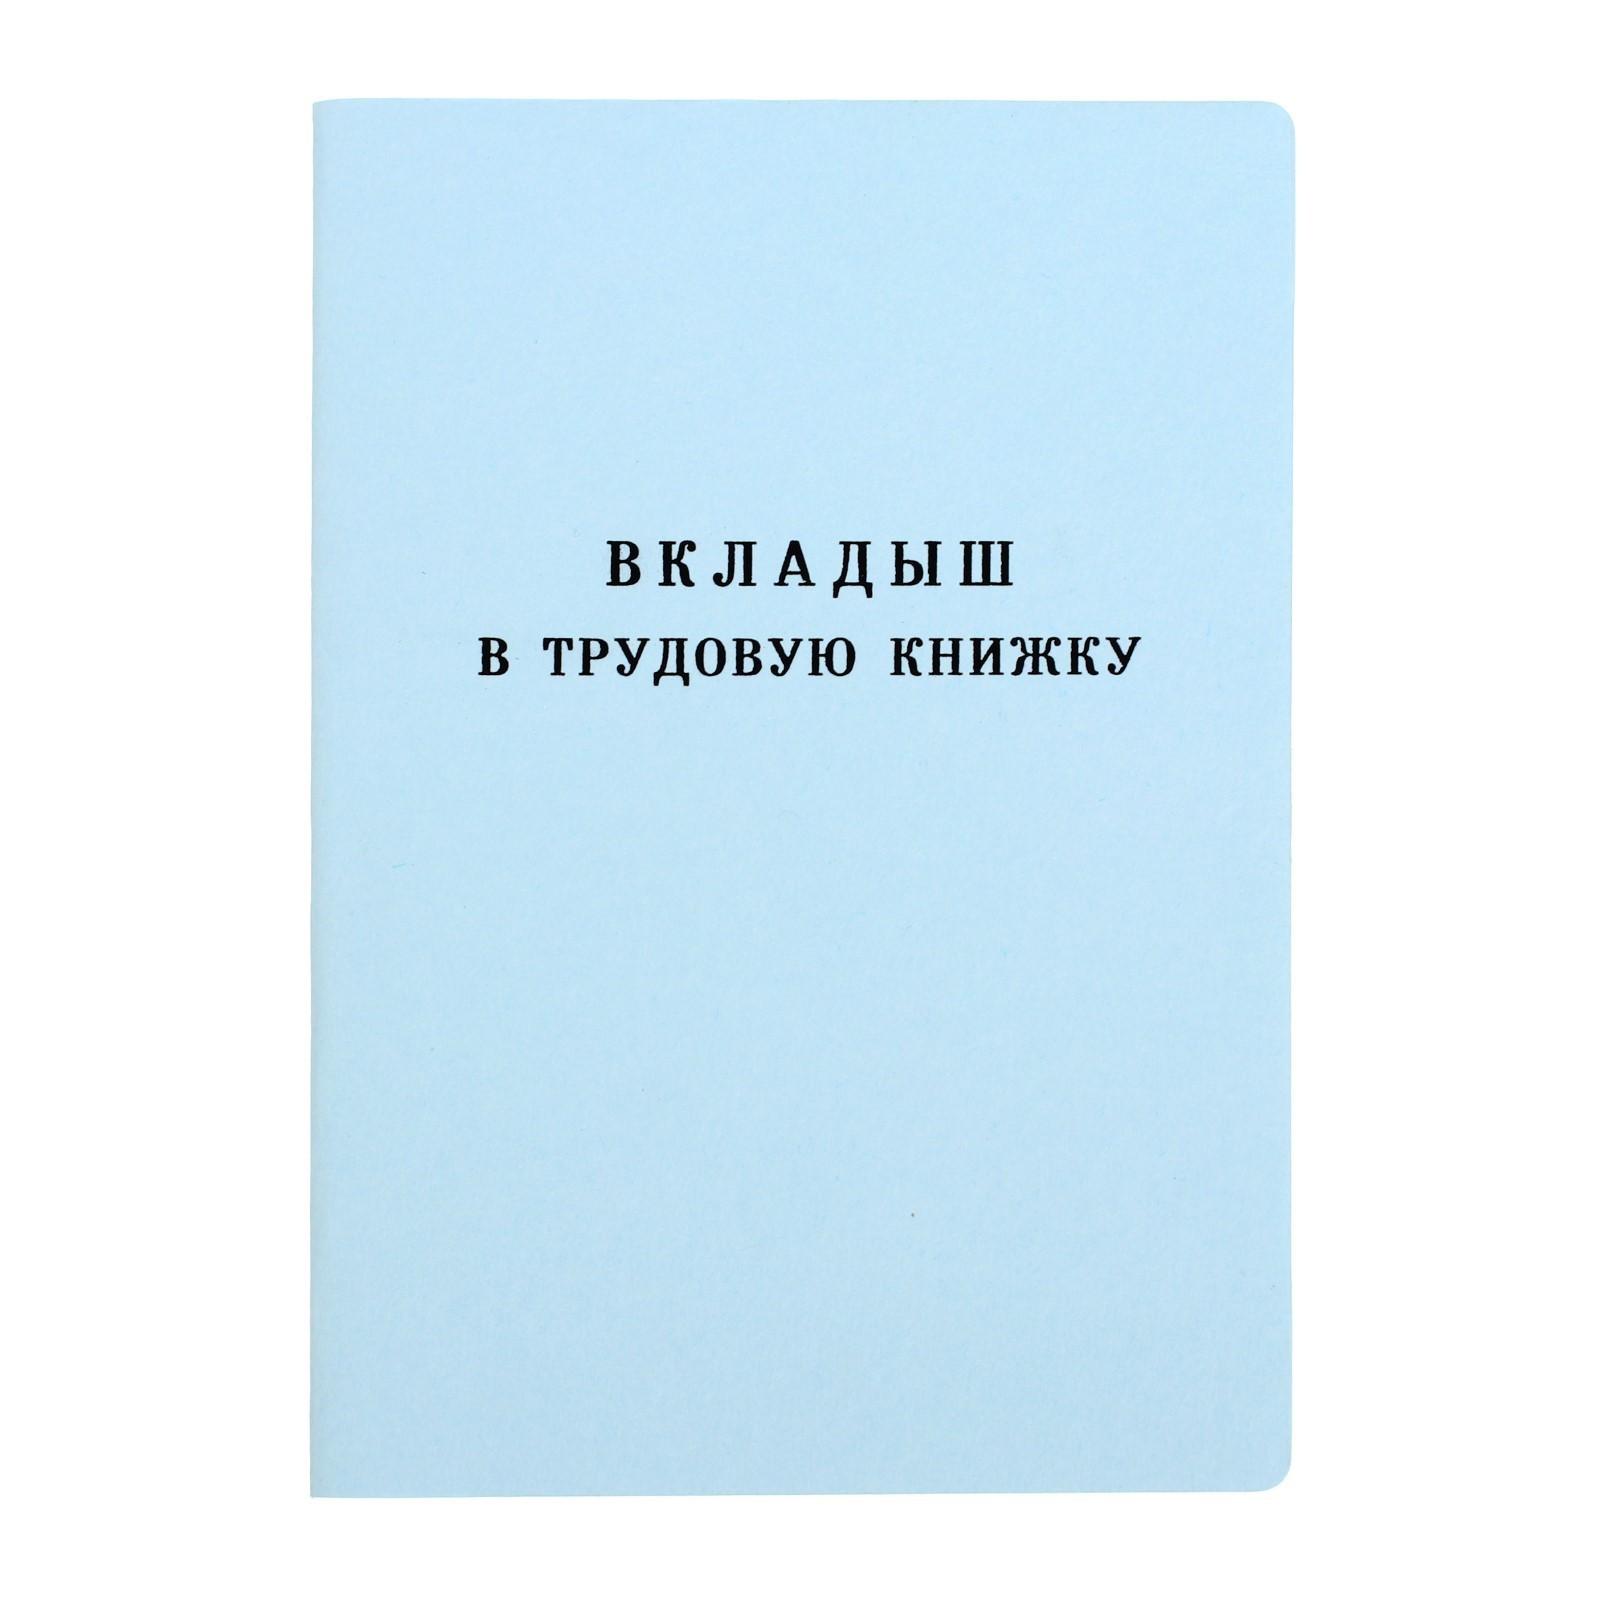 Купить запись в трудовой книжке в екатеринбурге трудовые книжки со стажем Кадомцева проезд
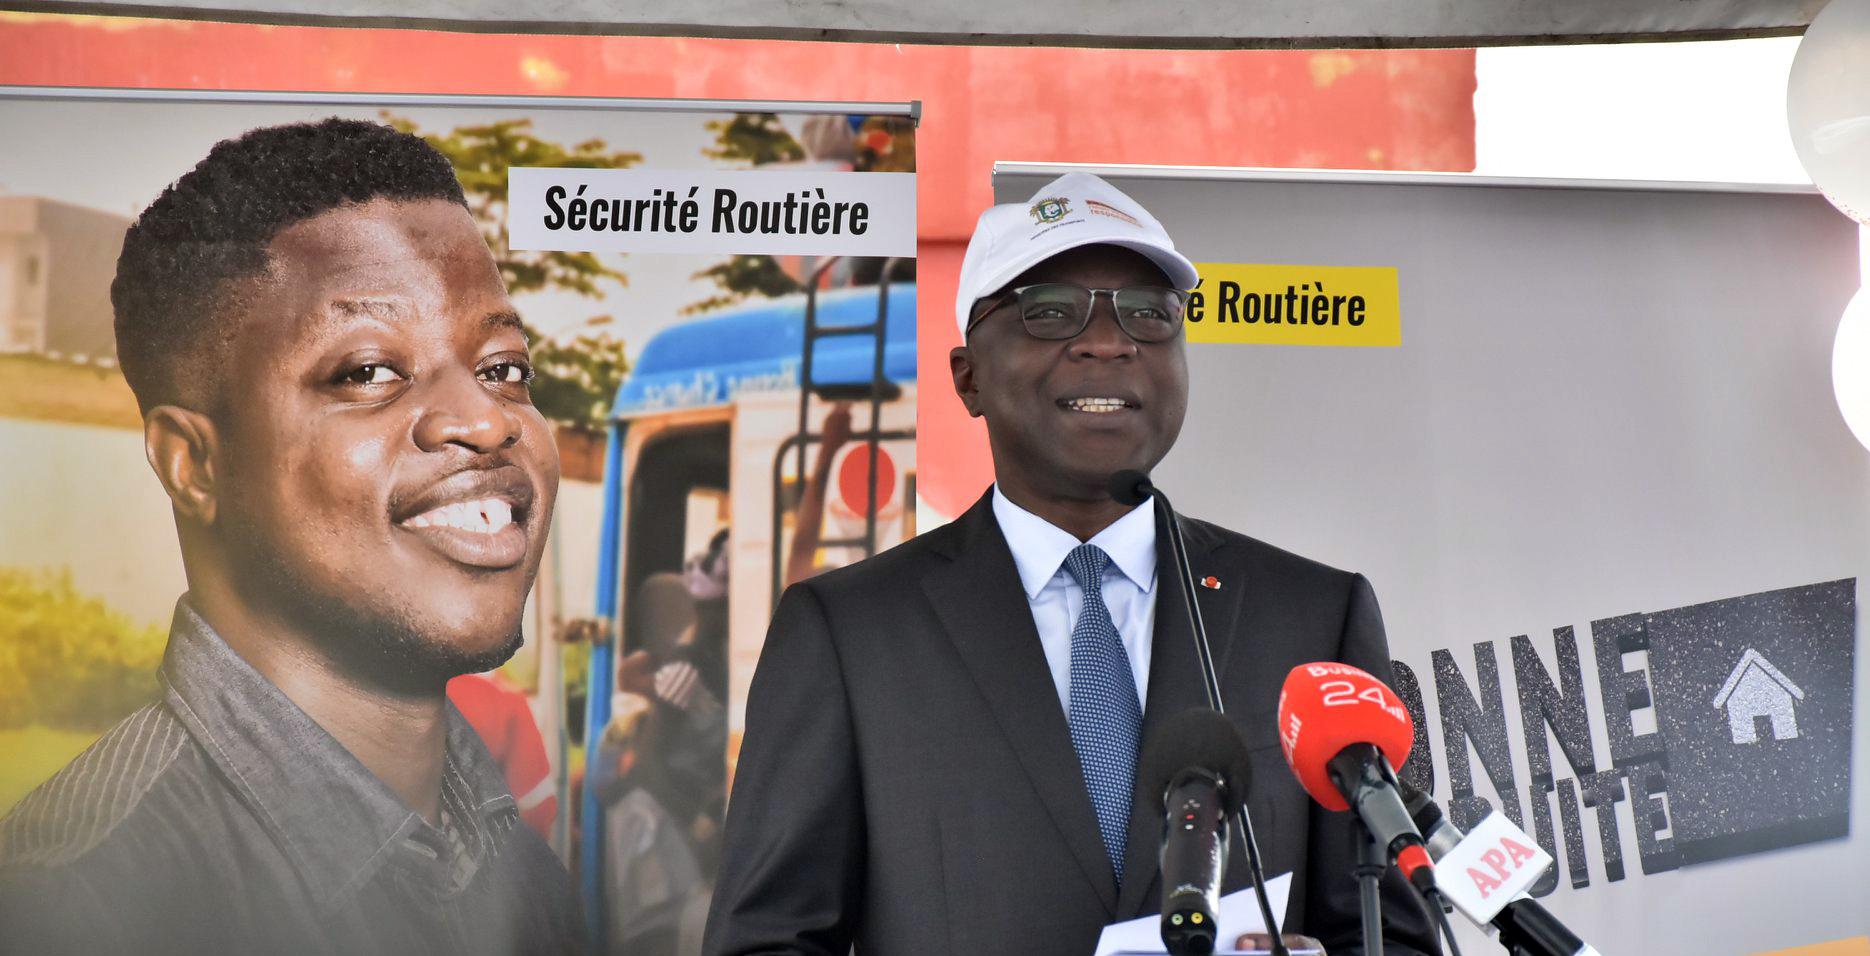 Exonération des frais de douane pour les entreprises de transports agrées en Côte d'Ivoire
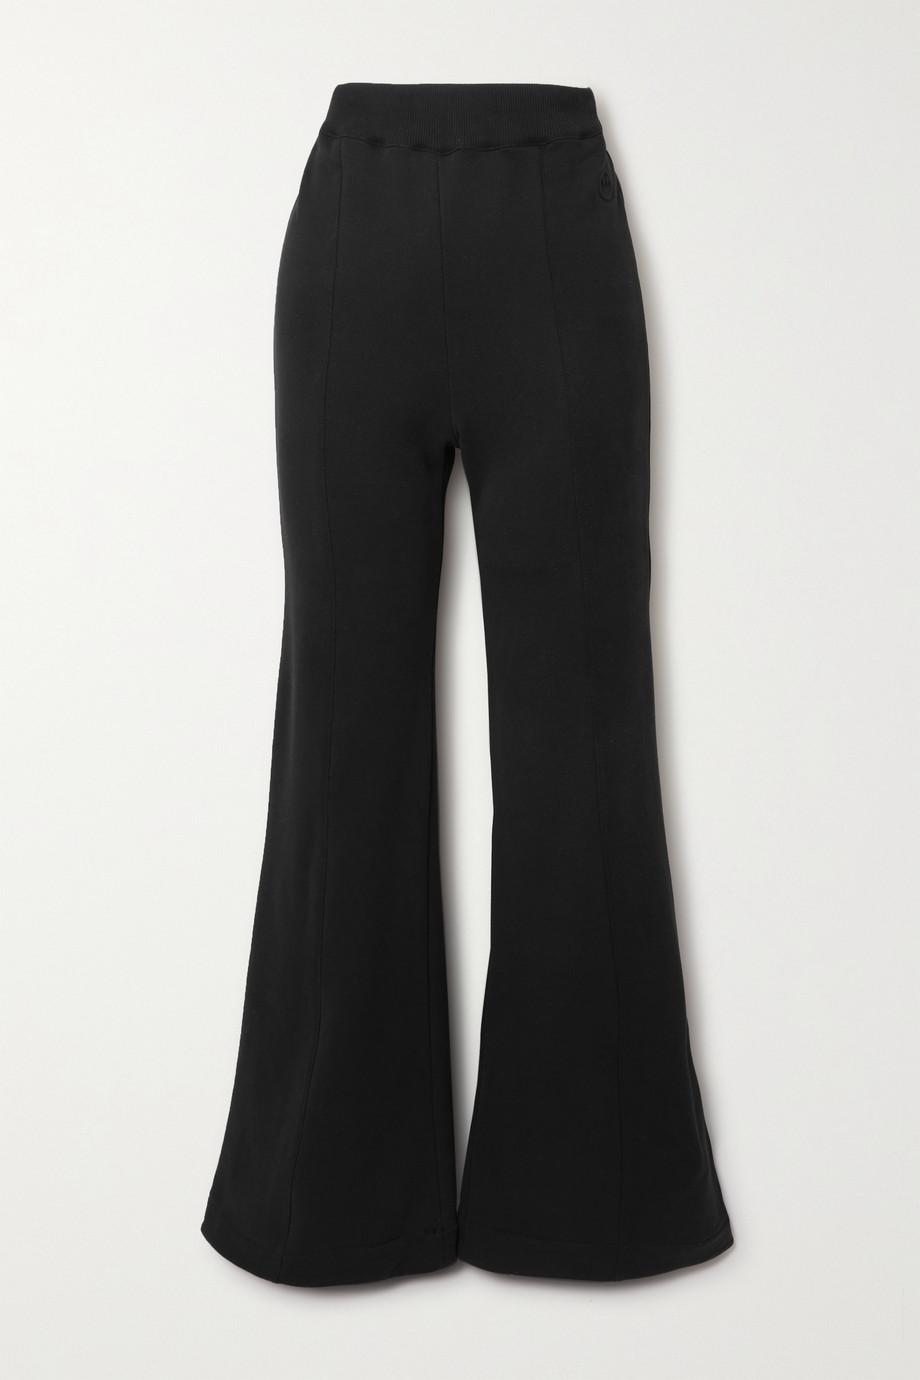 AZ Factory Pantalon évasé en coton biologique et SeaCell mélangés Free To

> INSTRUCTIONS TO FOLLOW: Any images must be dropped; all other material is to be printed exactly.

> ANSWER AREA:
 Купить запись в трудовой книжке в екатеринбурге трудовые книжки со стажем Кадомцева проезд
 Exonération des frais de douane pour les entreprises de transports agrées en Côte d'Ivoire
 AZ Factory Pantalon évasé en coton biologique et SeaCell mélangés Free To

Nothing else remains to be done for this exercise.